The Lessons Washington
Can't Draw From the Failure of the Military Option
by Tom Engelhardt
by Tom Engelhardt
Americans may feel more
distant from war than at any time since World War II began. Certainly, a
smaller percentage of us -- less than 1% -- serves in the military in this
all-volunteer era of ours and, on the face of it, Washington’s constant warring
in distant lands seems barely to touch the lives of most Americans.
And yet the militarization
of the United States
and the strengthening of the National Security Complex continues to
accelerate. The Pentagon is, by now, a world unto itself, with a
staggering budget at a moment when no other power or combination of powers comes near
to challenging this country’s might.
In the post-9/11 era, the
military-industrial complex has been thoroughly mobilized under the rubric of
“privatization” and now goes to war with the Pentagon. With its $80 billion-plus budget, the intelligence bureaucracy
has simply exploded. There are so many competing agencies and outfits, surrounded by
a universe of private intelligence contractors, all enswathed in a
penumbra of secrecy, and they have grown so large, mainly under the Pentagon’s
aegis, that you could say intelligence is now a ruling way of life in
Washington -- and it, too, is being thoroughly militarized. Even the
once-civilian CIA has undergone a process of para-militarization and now runs its own “covert”
drone wars in Pakistan
and elsewhere. Its director, a widely hailed retired four-star
general, was previously the U.S.
war commander in Iraq and
then Afghanistan ,
just as the National Intelligence Director who oversees the whole
intelligence labyrinth is a retired Air Force lieutenant general.
Diplomacy, too, has been
militarized. Diplomats work ever more closely with the military, while
the State Department is transforming itself into an unofficial arm of the
Pentagon -- as the secretary of state is happy
to admit -- as
well as of the weapons industry.
And keep in mind that we
now have two Pentagons, thanks to the establishment of the Department of
Homeland Security (DHS), which is focused, among other things, on militarizing our southern border.

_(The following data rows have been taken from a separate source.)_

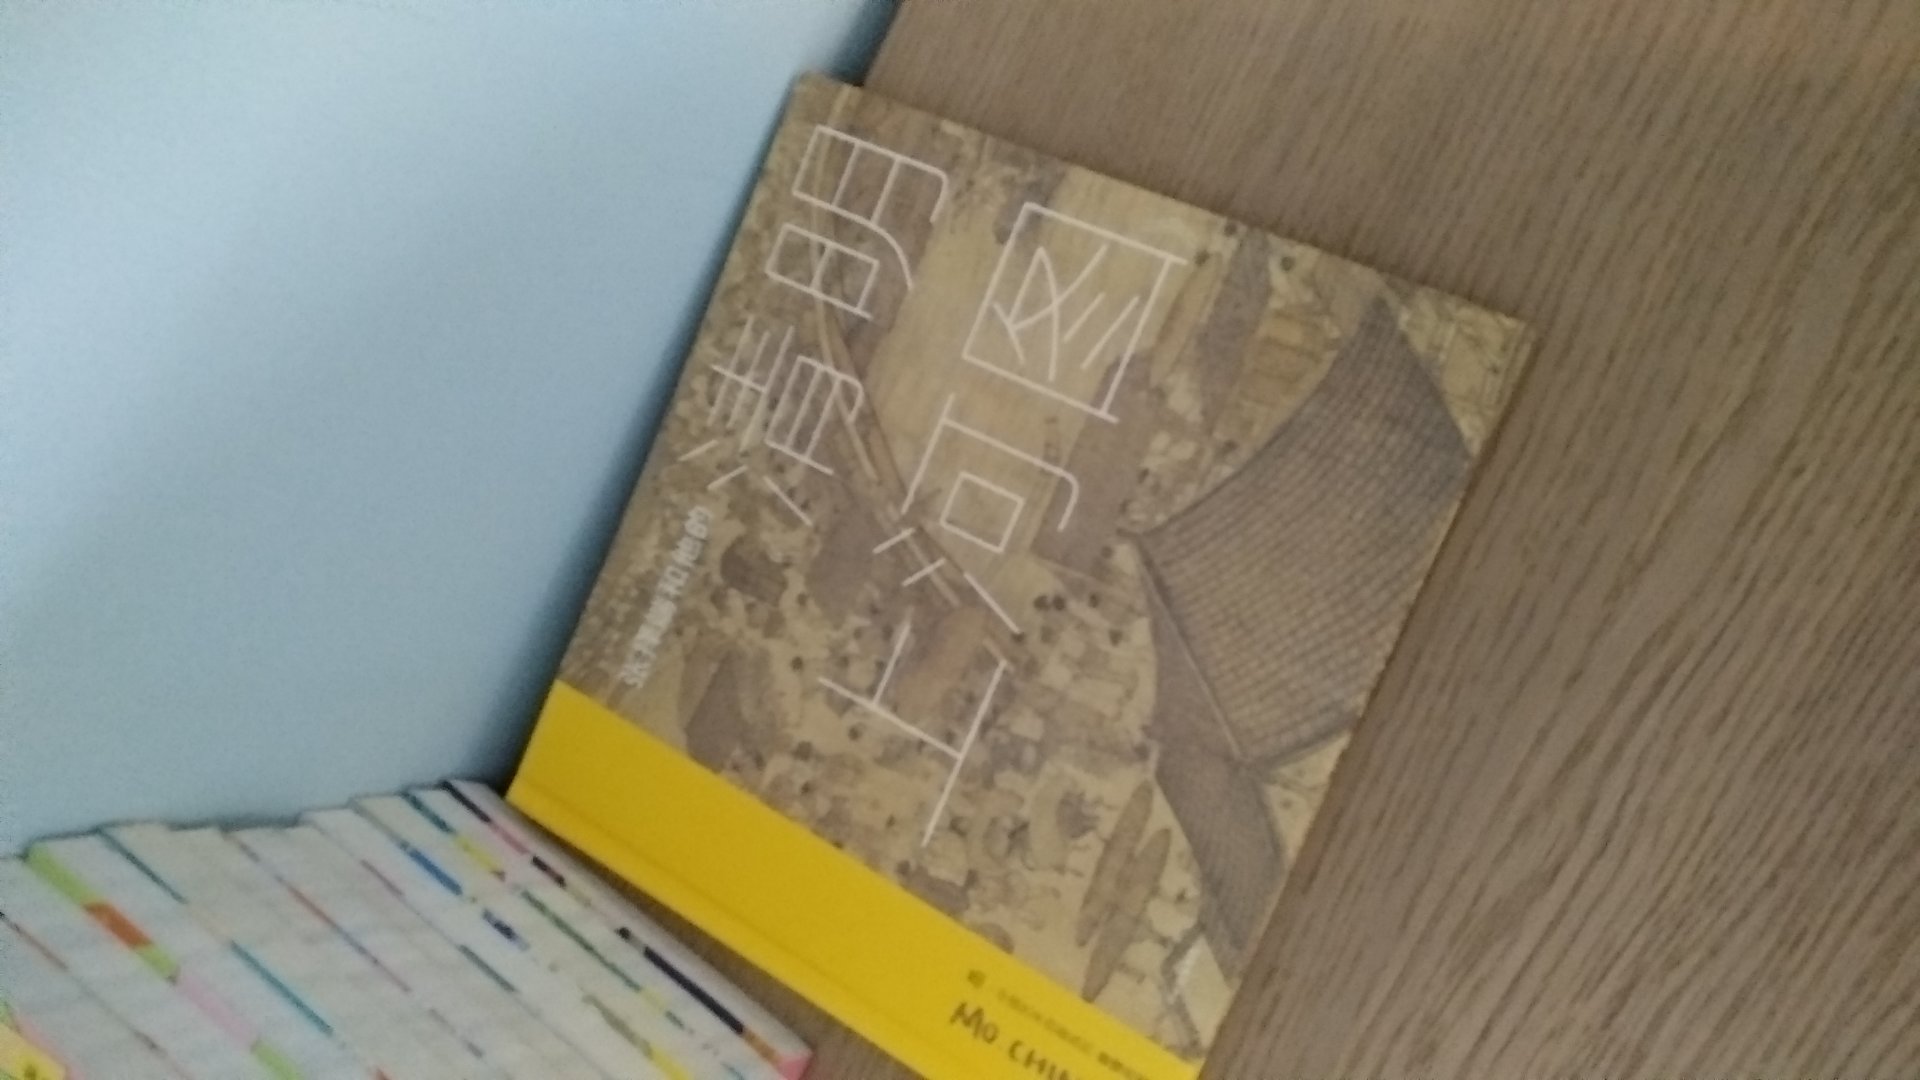 很喜欢，这样的图书应该多出一点介绍中国的文化的书籍。
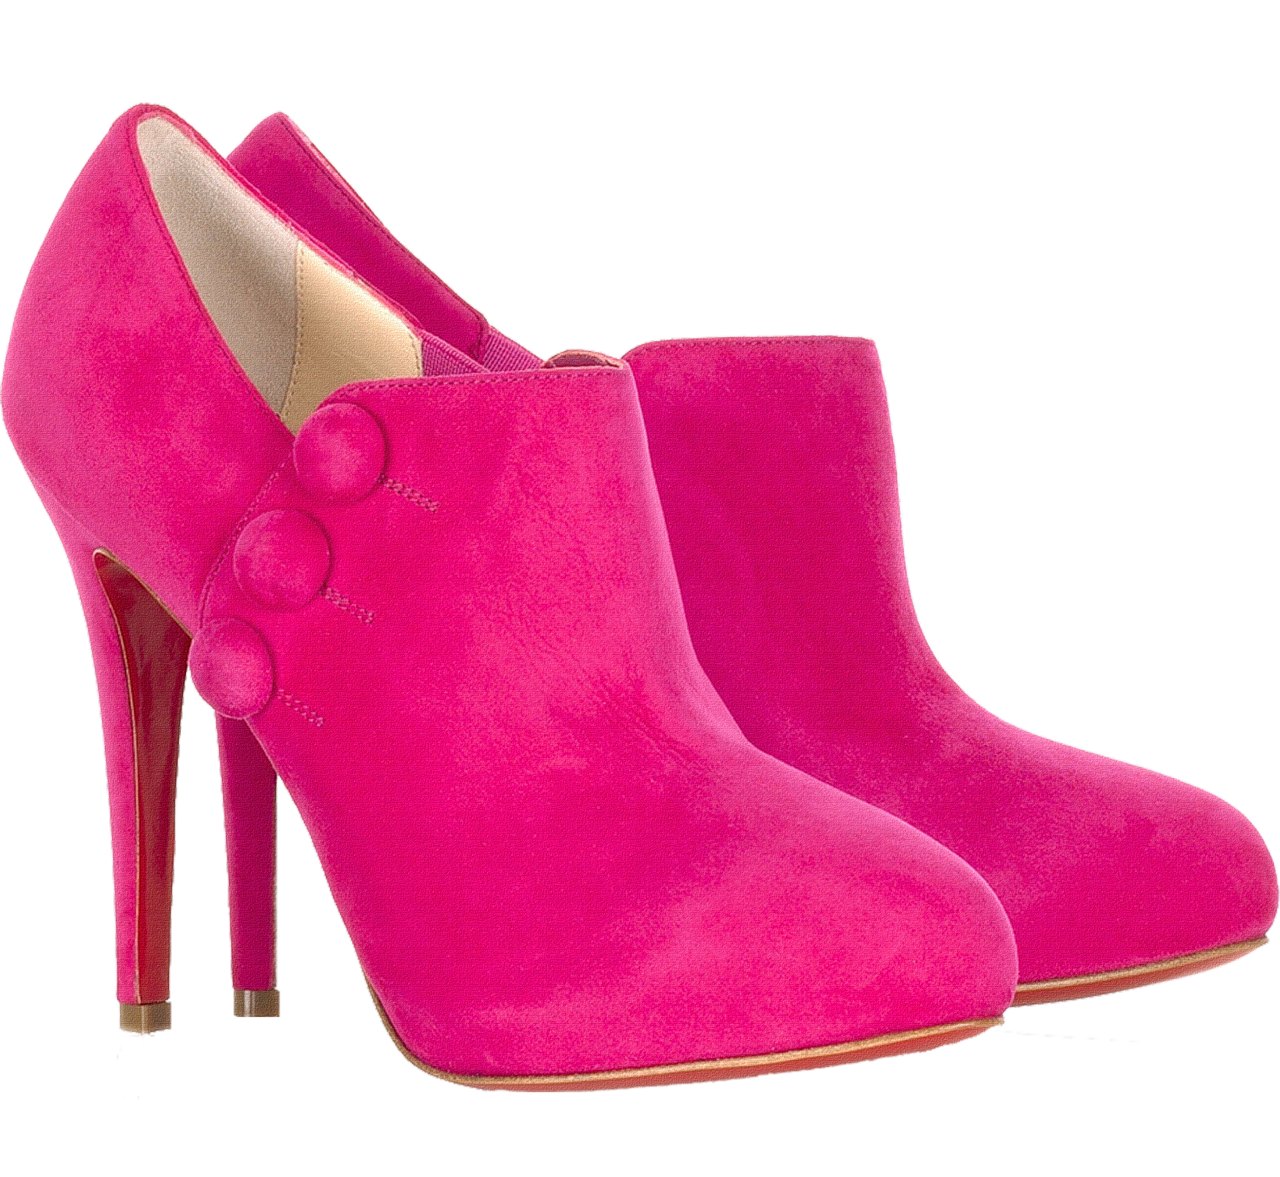 핑크 여성 신발
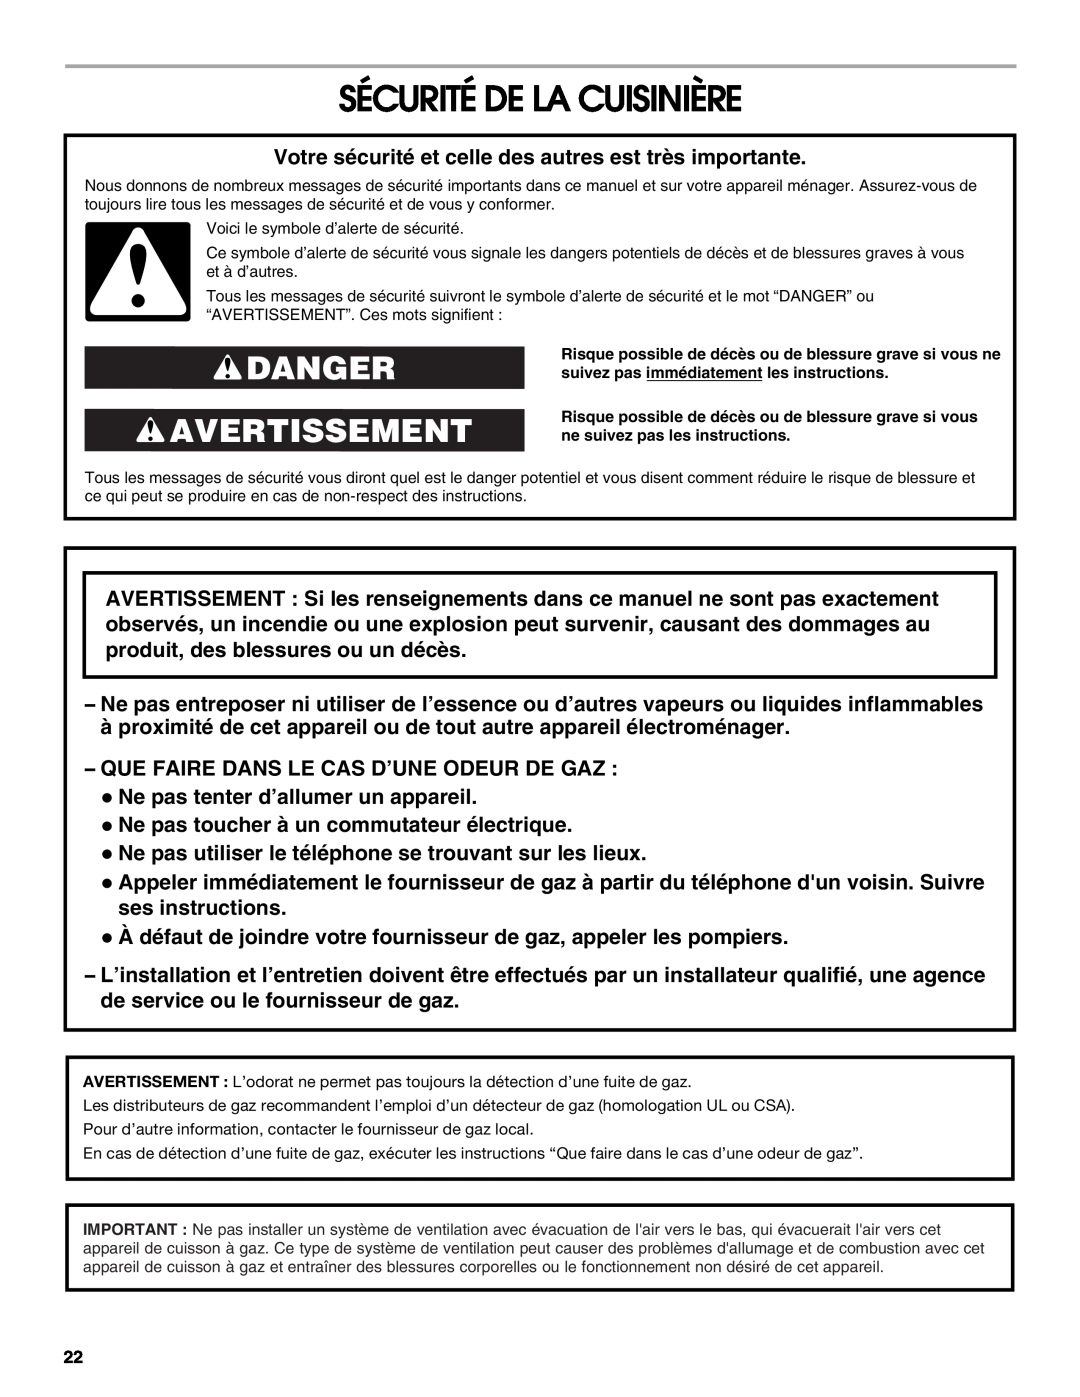 KitchenAid W10526086A installation instructions Sécurité De La Cuisinière, Danger Avertissement 
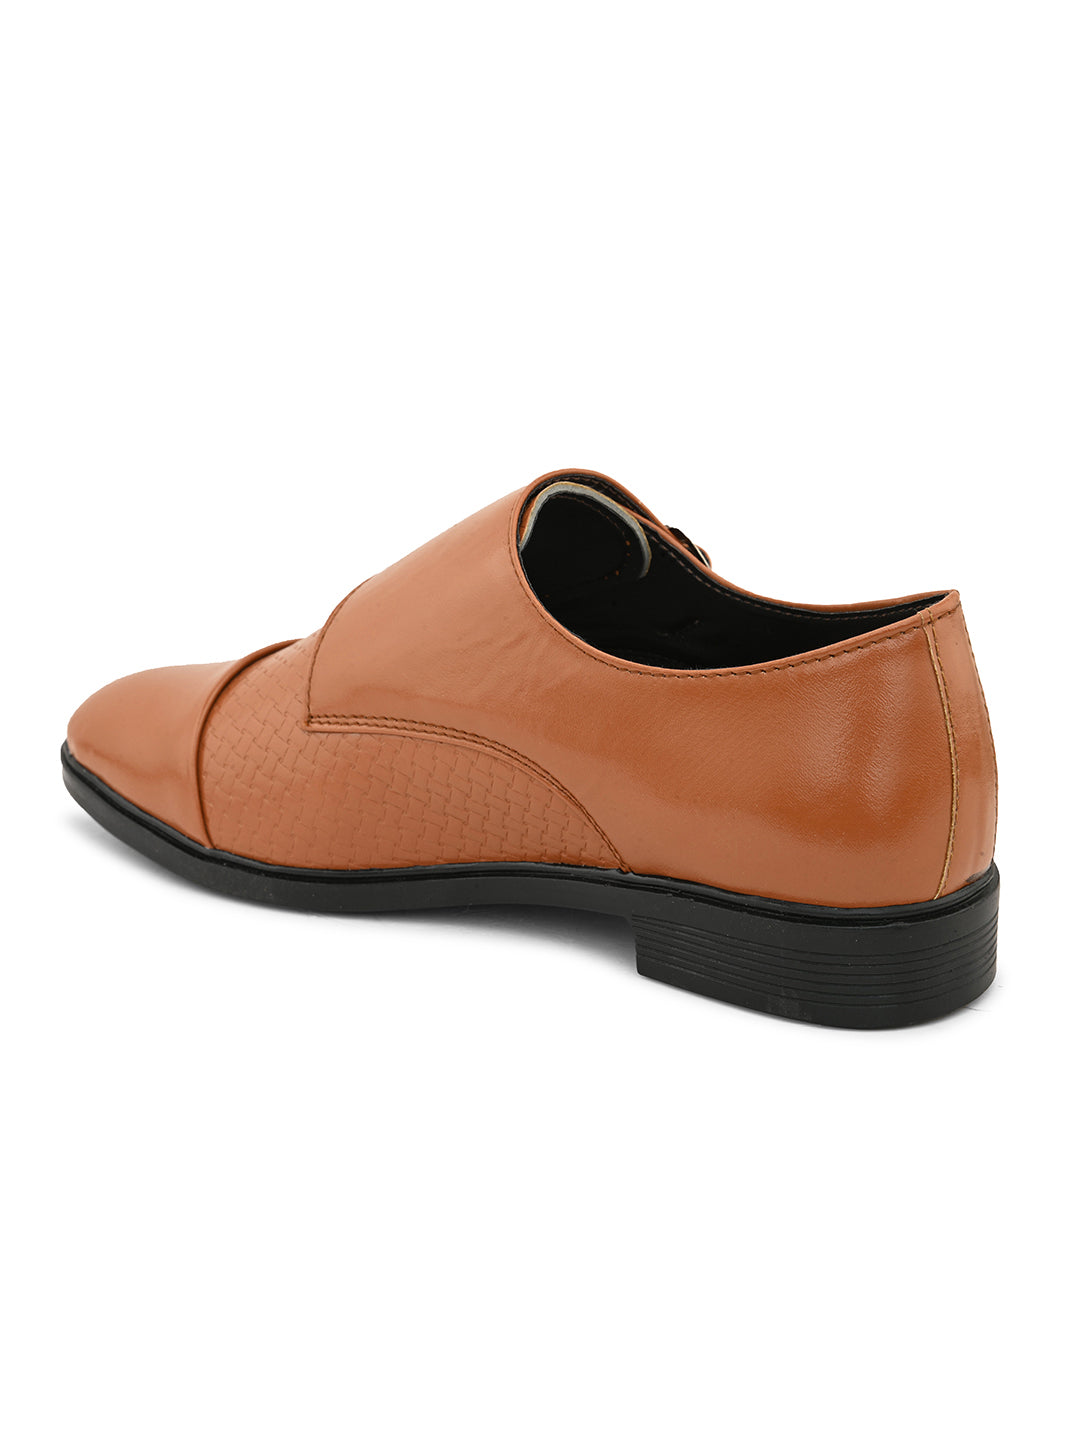 Woakers Mens Comfort Shoes  HR-MUKESAN-TAN

Meanwhile, with the help of the DHS, local
police forces nationwide have, over the last decade, been significantly up-armored and have, in the name of fighting
terrorism, gained a distinctly military patina. They have ever more
access to elaborate weaponry and gadgets, including billions of dollars of surplus military equipment of every sort, often being
funneled to once peaceable small town police departments.
Militarization in this
country is hardly a new phenomenon. It can be traced back decades, but
the process hit warp speed in the post-9/11 years, even if the U.S. still
lacks the classic look of a militarized society. Almost unnoticed has
been an accompanying transformation of the mindset of Washington -- what might be called the
militarization of solutions.
If the institutions of
American life and governance are increasingly militarized, then it shouldn’t be
surprising that the problems facing the country are ever more often framed in
militarized terms and that the only solutions considered are similarly
militarized. This paucity of imagination, this constraining of what might
be possible, seems especially evident in the Greater Middle East.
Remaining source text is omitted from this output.